Merk dagang yang beredar:

Amerol, Colidium, Diadium, Diasec, Diaston, Gradilex, Imodium, Imosa, Inamid, Lodia, Lopamid, Lexadium, Renamid.

Loperamide digunakan untuk mengobati diare. Obat ini bekerja dengan cara memperlambat pergerakan usus, sehingga diare bisa dihentikan. Loperamide dimanfaatkan juga untuk mengurangi jumlah debit pada pasien yang telah mendapatkan pasca ileostomy, yakni lubang baru pengganti anus (dubur) pada dinding perut, dan terhubung dengan bagian akhir dari usus halus.

Loperamide (Loperamid)
Golongan

Antidiare

Kategori Obat

Obat resep

Bentuk Obat

Tablet

Dikonsumsi oleh

Dewasa dan anak-anak

Kategori Kehamilan dan Menyusui

Kategori C: Penelitian pada hewan percobaan menunjukkan efek buruk terhadap janin dan tidak ditemukan studi yang memadai pada manusia.
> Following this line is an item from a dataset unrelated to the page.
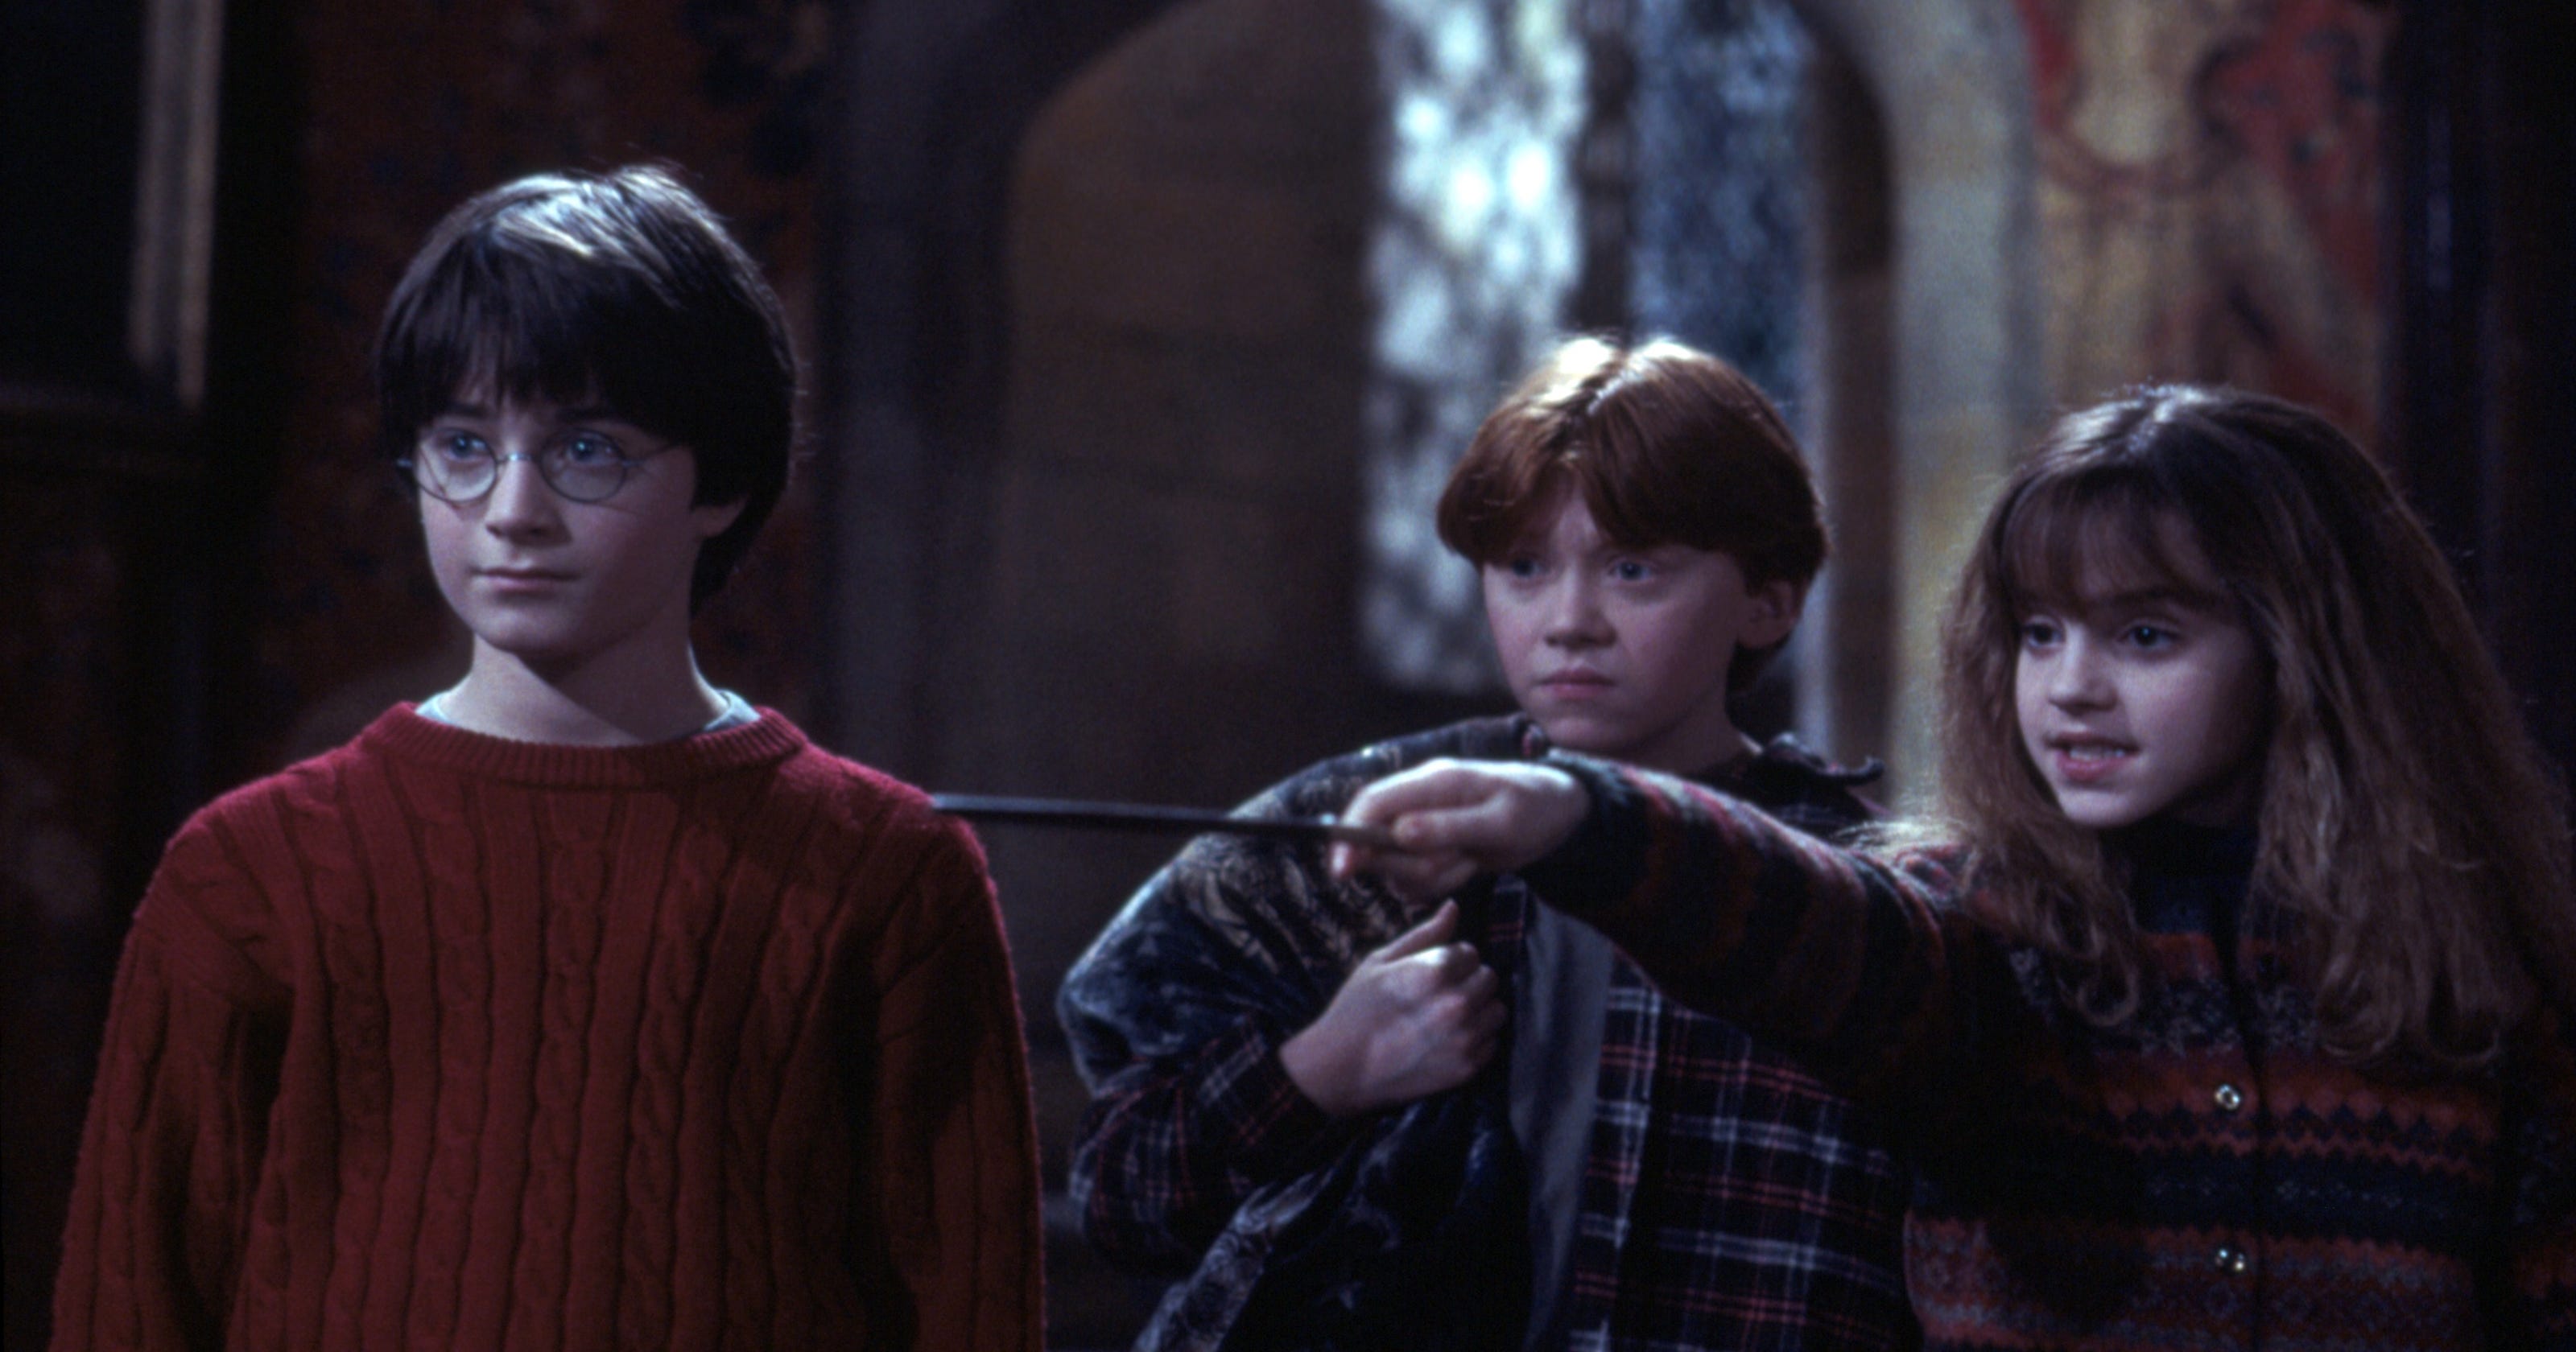 Watch Harry Potter movie 'Sorcerer's Stone' with live music from Fort - Harry Potter And The Sorcerer's Stone

Namun, mengingat efektivitasnya, penggunaannya dapat dipertimbangkan pada wanita hamil sekalipun berisiko.

Dosis

Dosis diberikan berdasarkan indikasi medis, dan mungkin bersifat individual. Selama pengobatan, dokter akan melihat respons terhadap pengobatan dan melakukan penyesuaian dosis bila diperlukan.

Diare akut

  • Dewasa: Awalnya, 4 mg diikuti dengan 2 mg setiap setelah buang air besar. Maksimal 16 mg setiap hari. Hentikan jika kondisi tidak membaik dalam 48 jam.
  • Anak: 4-8 tahun: 1 mg, 3-4 kali sehari; 9-12 tahun: 2 mg, 4 kali sehari hingga 5 hari.

Diare kronis

  • Dewasa: Awalnya, 4-8 mg setiap hari dalam dosis terbagi, disesuaikan jika perlu.

Aturan pakai Loperamide dengan benar

Baca petunjuk obat Loperamide dan patuhi petunjuk dokter sebelum menggunakannya. Obat ini dikonsumsi dengan atau tanpa makanan. Ikuti petunjuk dari dokter untuk pemakaian setiap harinya. Dosis akan diberikan sesuai kondisi medis.

Diare akan menyebabkan tubuh kehilangan air. Oleh karena itu, minum banyak air untuk menggantikan cairan yang hilang. Untuk mengurangi iritasi pada perut, jalani diet hambar selama diare. Beri tahu dokter jika kondisi tidak membaik dalam 2 hari, atau bahkan memburuk.

Efek Samping

Setiap pemakaian obat berpotensi menimbulkan efek samping. Meski belum tentu terjadi, efek samping yang berlebihan harus segera mendapat penanganan medis.

Obat loperamide dapat menyebabkan efek samping berupa pusing, kelelahan, dan sembelit. Jika efek samping memburuk, segera hubungi dokter untuk mendapatkan penanganan medis.

Segera cari pertolongan medis jika mengalami efek samping berikut ini yang meski jarang, tapi sifatnya serius.

  • Sembelit parah
  • Sakit perut
  • Detak jantung cepat
  • Pusing berat atau pingsan

Ada beberapa efek samping lain yang belum disebutkan di atas. Jika Anda mengalami efek samping lain, tanyakan pada tenaga kesehatan.

Peringatan

Berkonsultasilah dengan dokter terlebih dahulu, termasuk jika Anda memiliki kondisi medis seperti: 

  • Kerusakan hati
  • Sakit perut tanpa diare
  • Kehamilan dan menyusui

Jangan mengonsumsi obat ini jika mempunyai kondisi medis seperti:

  • Penyakit radang usus akut
  • Adanya gas atau cairan menumpuk dalam perut (distensi abdomen)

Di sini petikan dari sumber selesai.